● Exercise directions
Copy the listing exactly, please, and keep every picture out of it.

● Supplied information
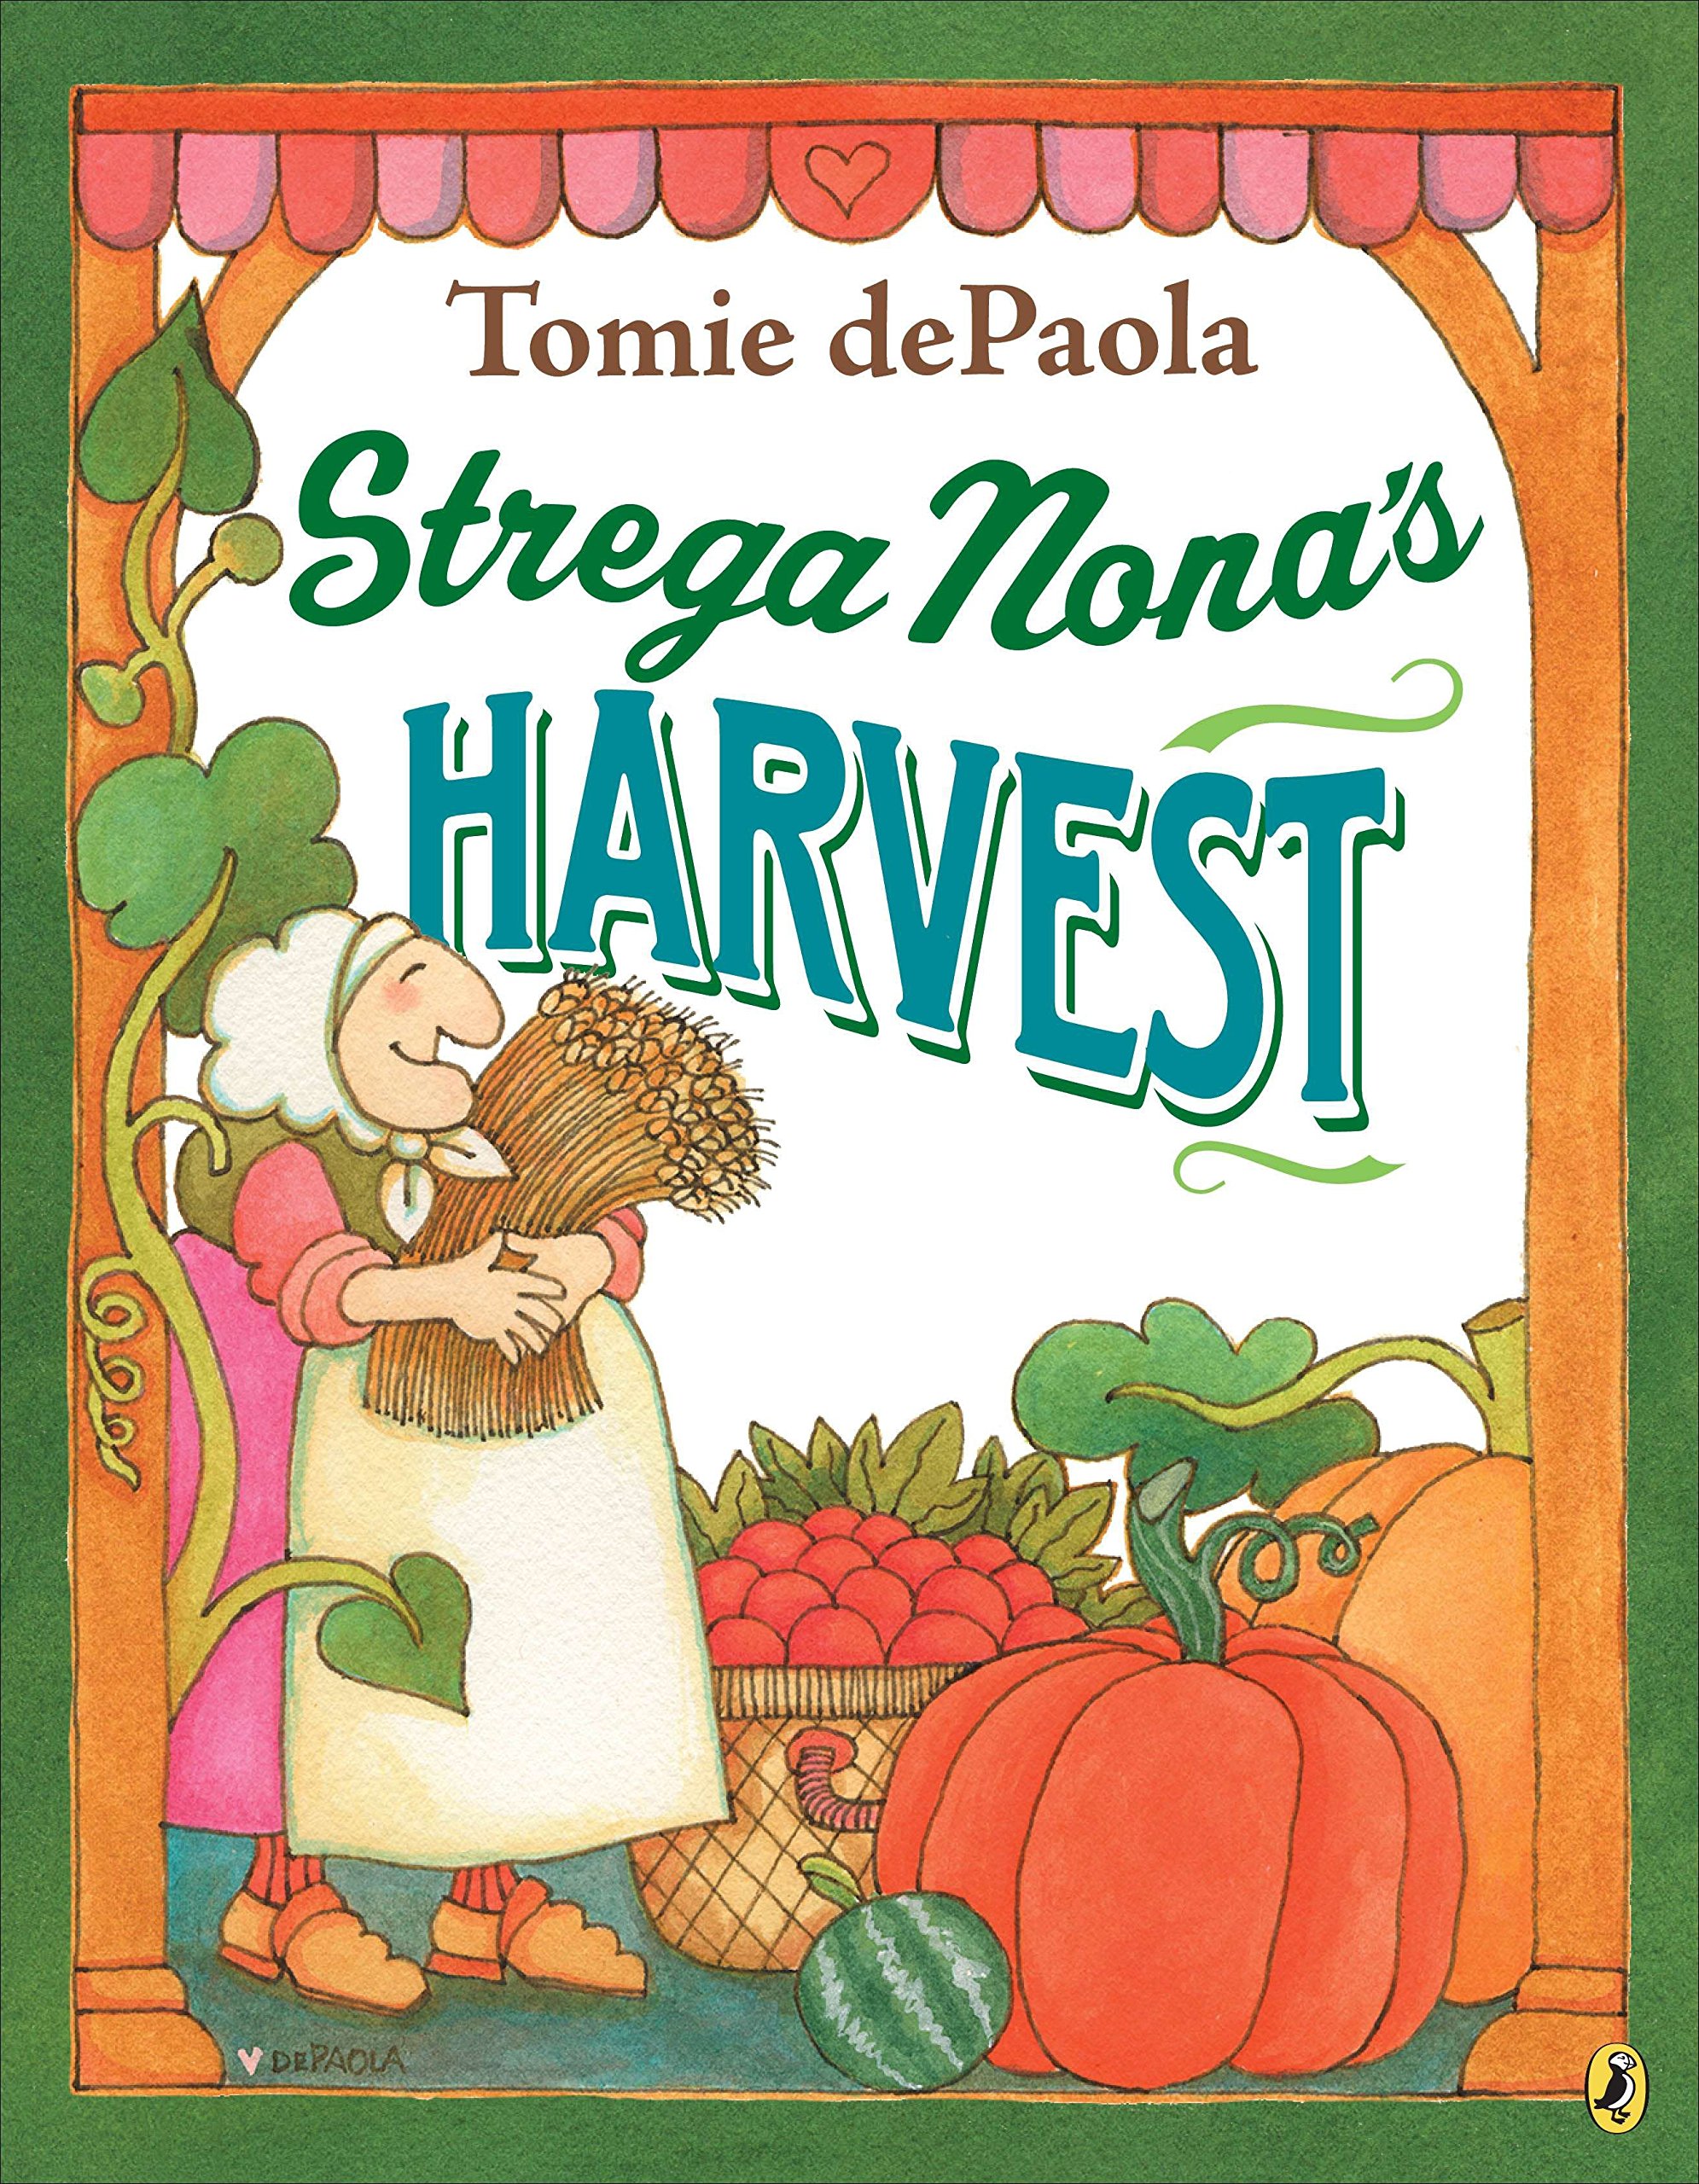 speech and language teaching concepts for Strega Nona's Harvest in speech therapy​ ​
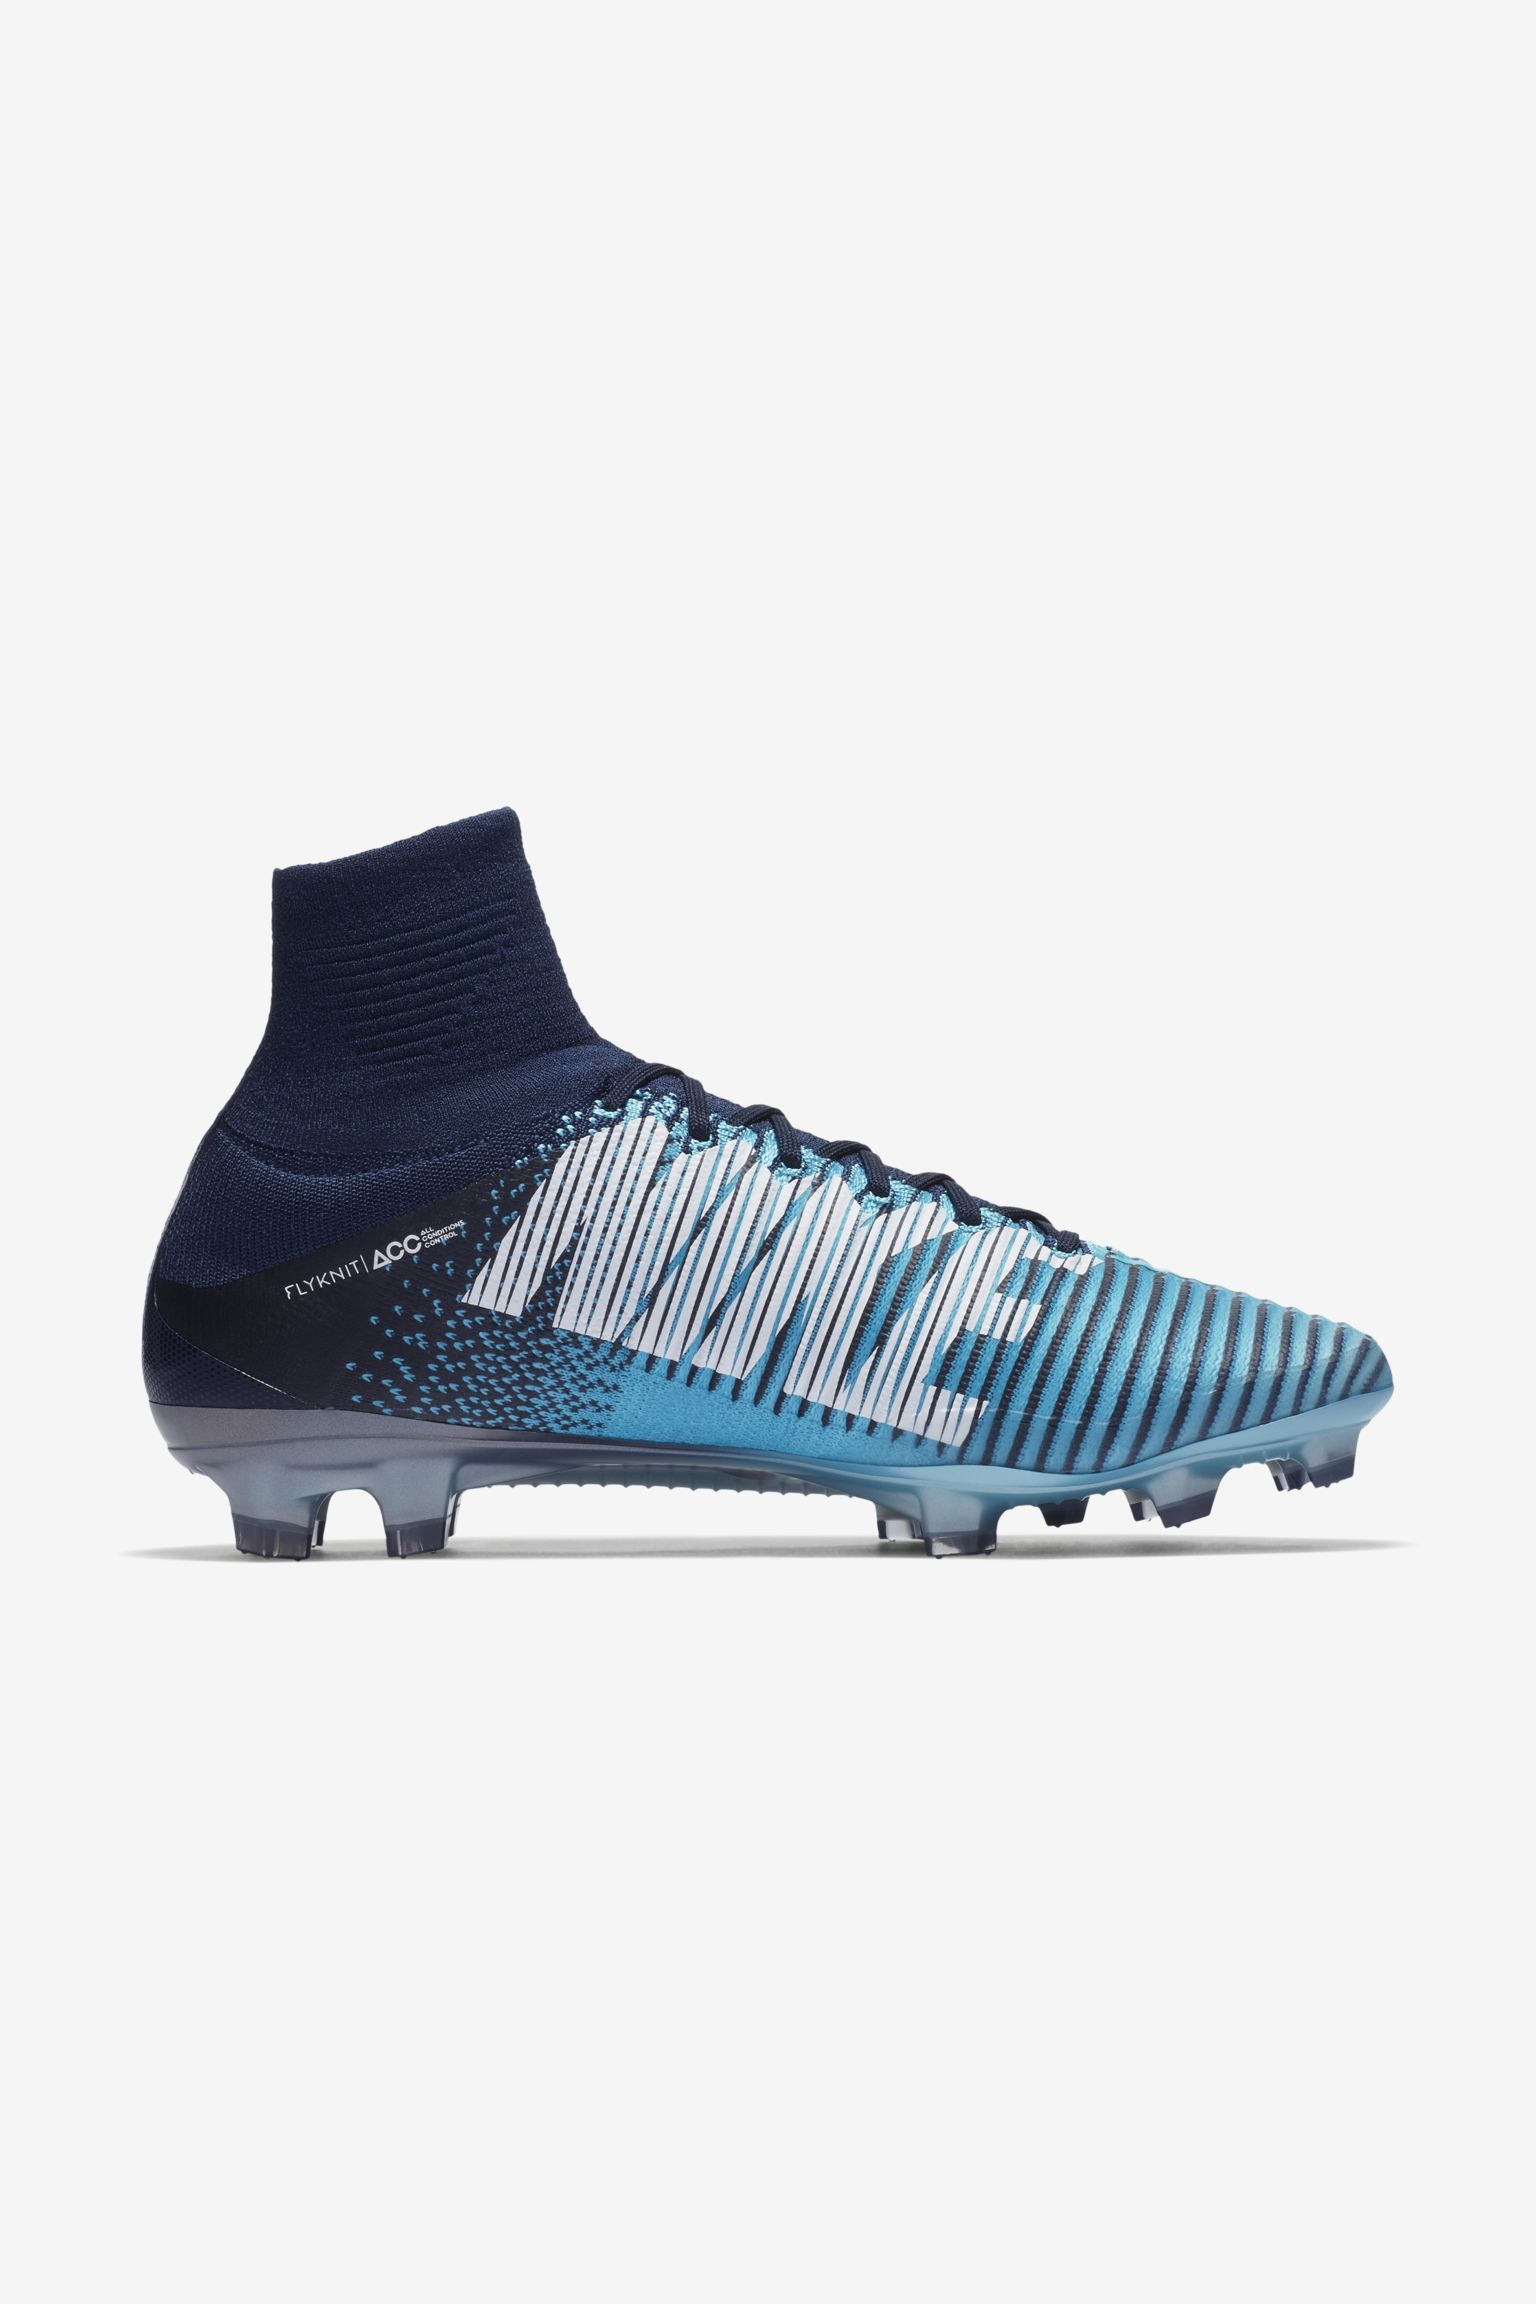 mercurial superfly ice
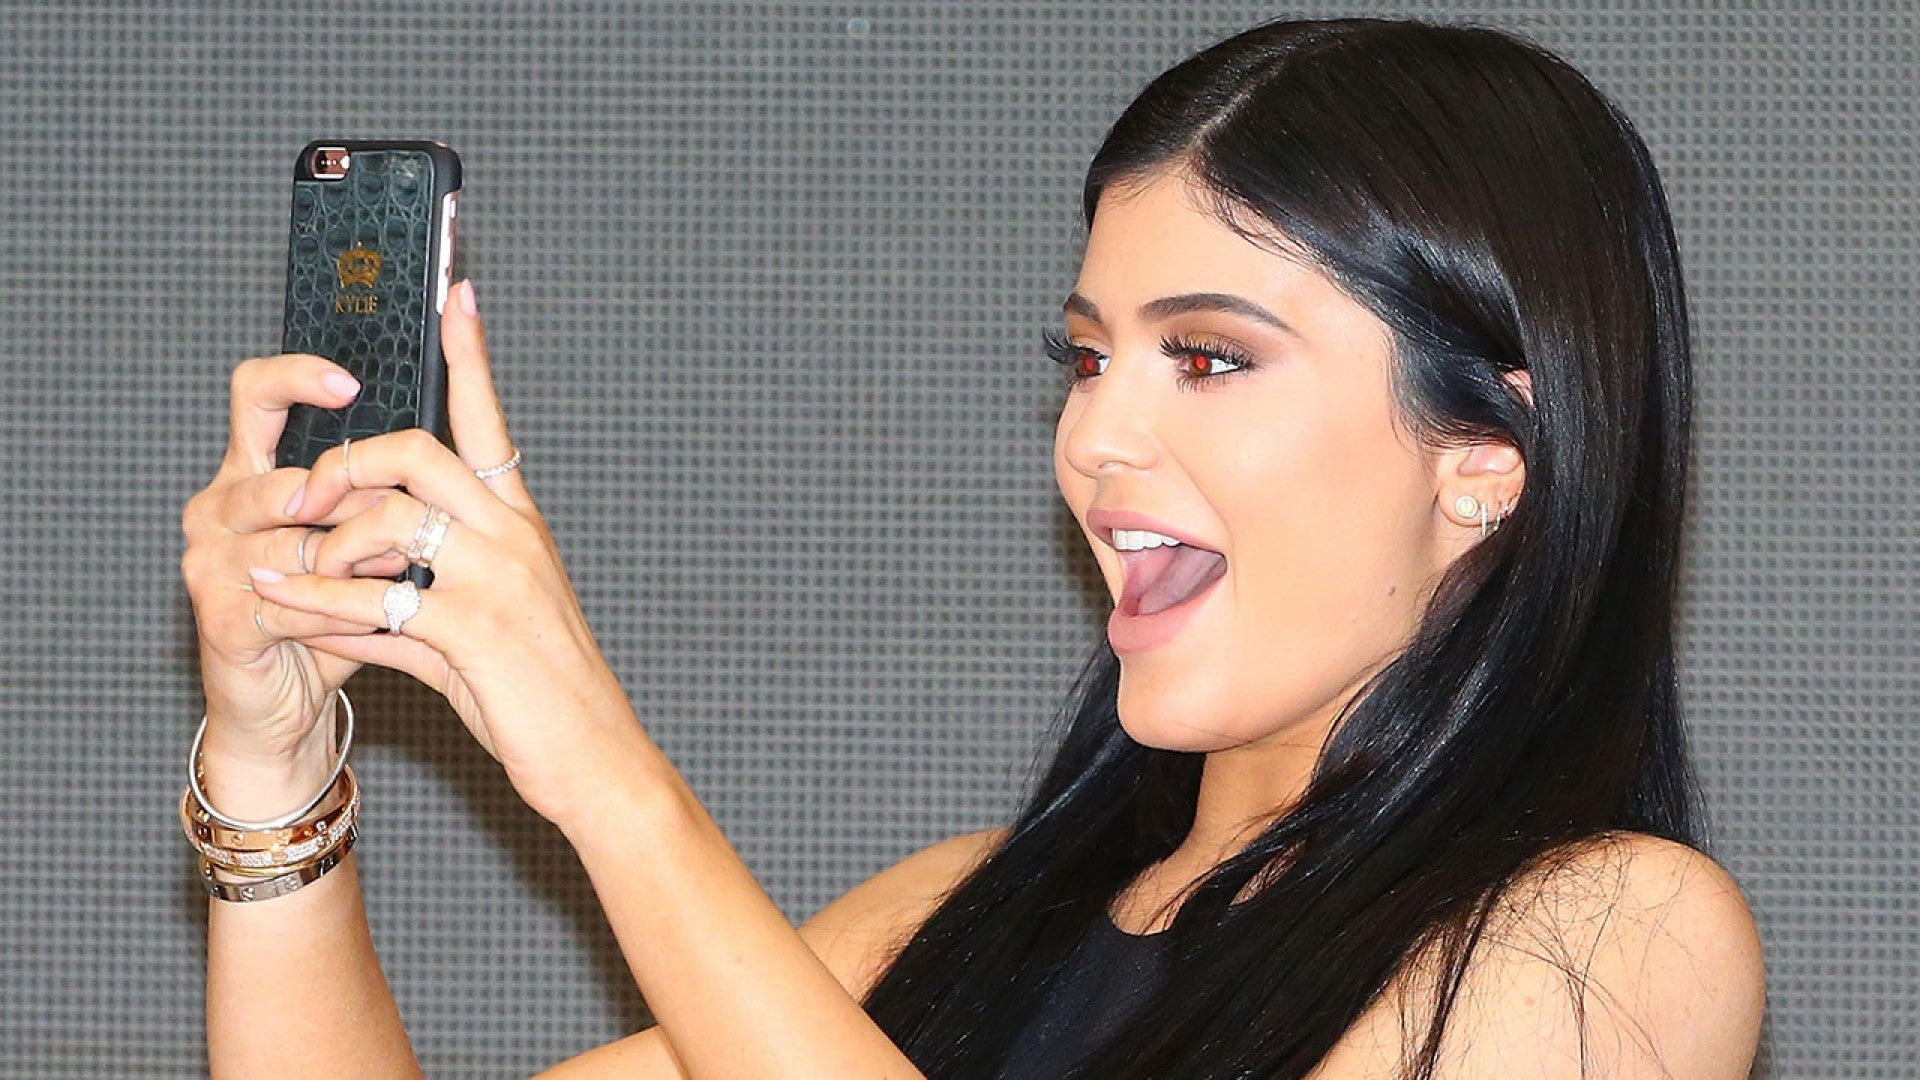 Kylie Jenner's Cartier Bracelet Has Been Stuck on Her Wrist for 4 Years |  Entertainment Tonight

● Answer to the exercise
 speech and language teaching concepts for Strega Nona's Harvest in speech therapy​ ​
 mercurial superfly ice
 Kylie Jenner's Cartier Bracelet Has Been Stuck on Her Wrist for 4 Years |  Entertainment Tonight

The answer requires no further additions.